In 2023, Singapore attracted S$12.7 billion ($9.43 billion) in fixed asset investments, amid a challenging global environment, according to data from the country’s economic development board. The previous year it was even higher, at S$22.5 billion.
It is a reminder of the growing relevance and soft-power clout of the Lion City, the financial fulcrum of a region – southeast Asia – that has so far skirted the geopolitical tumult and vicissitudes of so much of the rest of the world.
Singapore’s safety and stability acts as a double magnet, drawing in a lot of corporate and institutional investment, and personal capital. Private wealth is flowing in from all over the world – the Middle East, Europe, south Asia and the rest of Asean.
And, of course, China. Hard data is hard to come by, but private wealth continues to flow out of the People’s Republic. It is not a torrent by any means, but pretty much every China-facing private banker is working to help high and ultra-high net-worth mainland clients allocate private capital to foreign funds, stocks and assets.
DBS is at the heart of this story: carefully helping international China clients to invest in global funds, assets and securities. This isn’t just happening in its home market: the lender helps many of the same clients to manage personal capital across multiple markets, including the Asean region and greater China, encompassing the mainland, Taiwan and Hong Kong. These areas fall under the leadership of Carol Shu-Yen Wu, head of private bank in North Asia.
The work it does for clients is valuable and complex. Wealth flows out of China to be put to work in global assets – as you would expect, given the market’s immense wealth, and the desire of wealthy mainland families to diversify their portfolios, travel and buy foreign real estate.
This process works both ways, of course. Plenty of private wealth is also flowing back into China, in part to be put to work in philanthropic endeavours: building schools and hospitals, and supporting charities.
DBS is carefully helping international China clients to invest in global funds, assets and securities
DBS cites a case study to highlight best how the bank serves the multi-jurisdictional needs of HNW clients. The central character is an entrepreneur with more than $700 million in financial assets, who runs a business making high-end personal mobility components.
Though she had banked over the years with various Taiwan, European and North American lenders, none of them was ideally placed to provide her with the seamless wealth-management and planning services she required.
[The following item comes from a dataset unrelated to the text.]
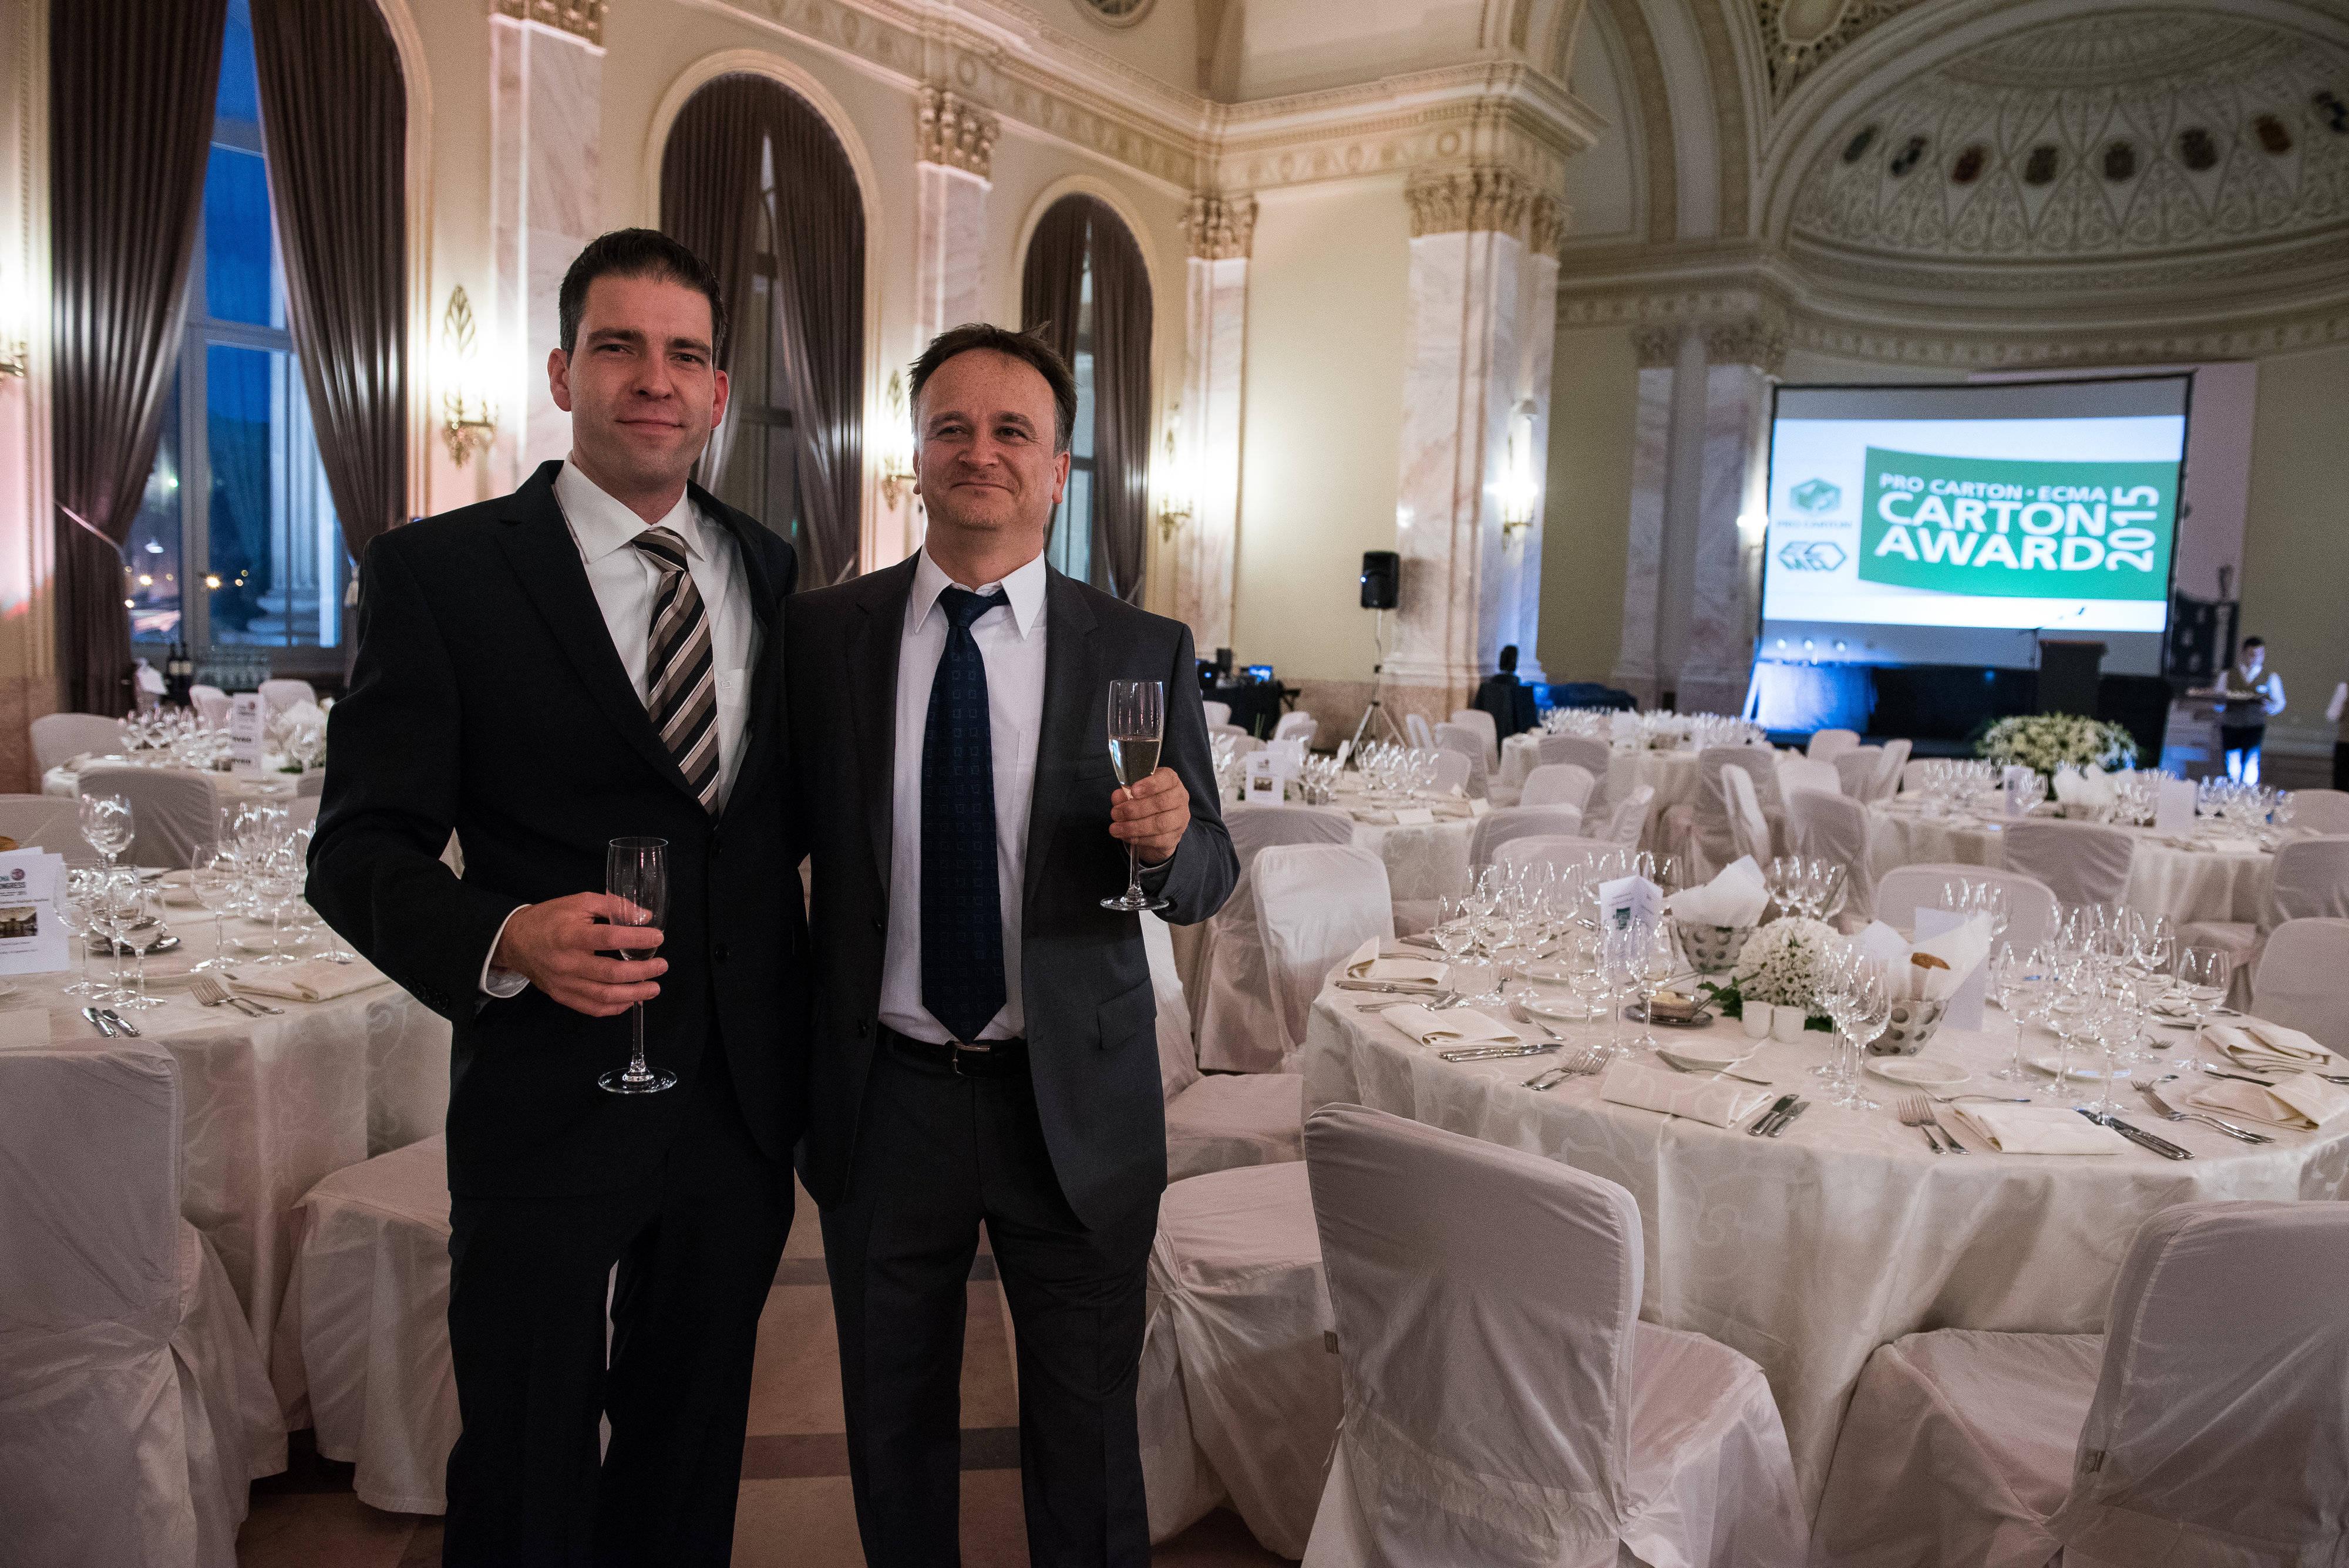 Pro Carton ECMA Award Gala 2015 19

Enter DBS. When first introduced to the bank in Singapore, she was just looking for a place to park a small sum of money. But headwinds in China – rising costs, tightening labour regulations and geopolitical tensions – pushed her to relocate her factories to other markets, notably Vietnam.
Over time, she put more of her capital to work with Asia’s best private bank. In recent years, DBS has arranged commercial bank loans in New Taiwan dollars, and its relationship managers have helped her to understand the regulatory landscape in the markets in which she operates. She is currently setting up a single-family office with the bank.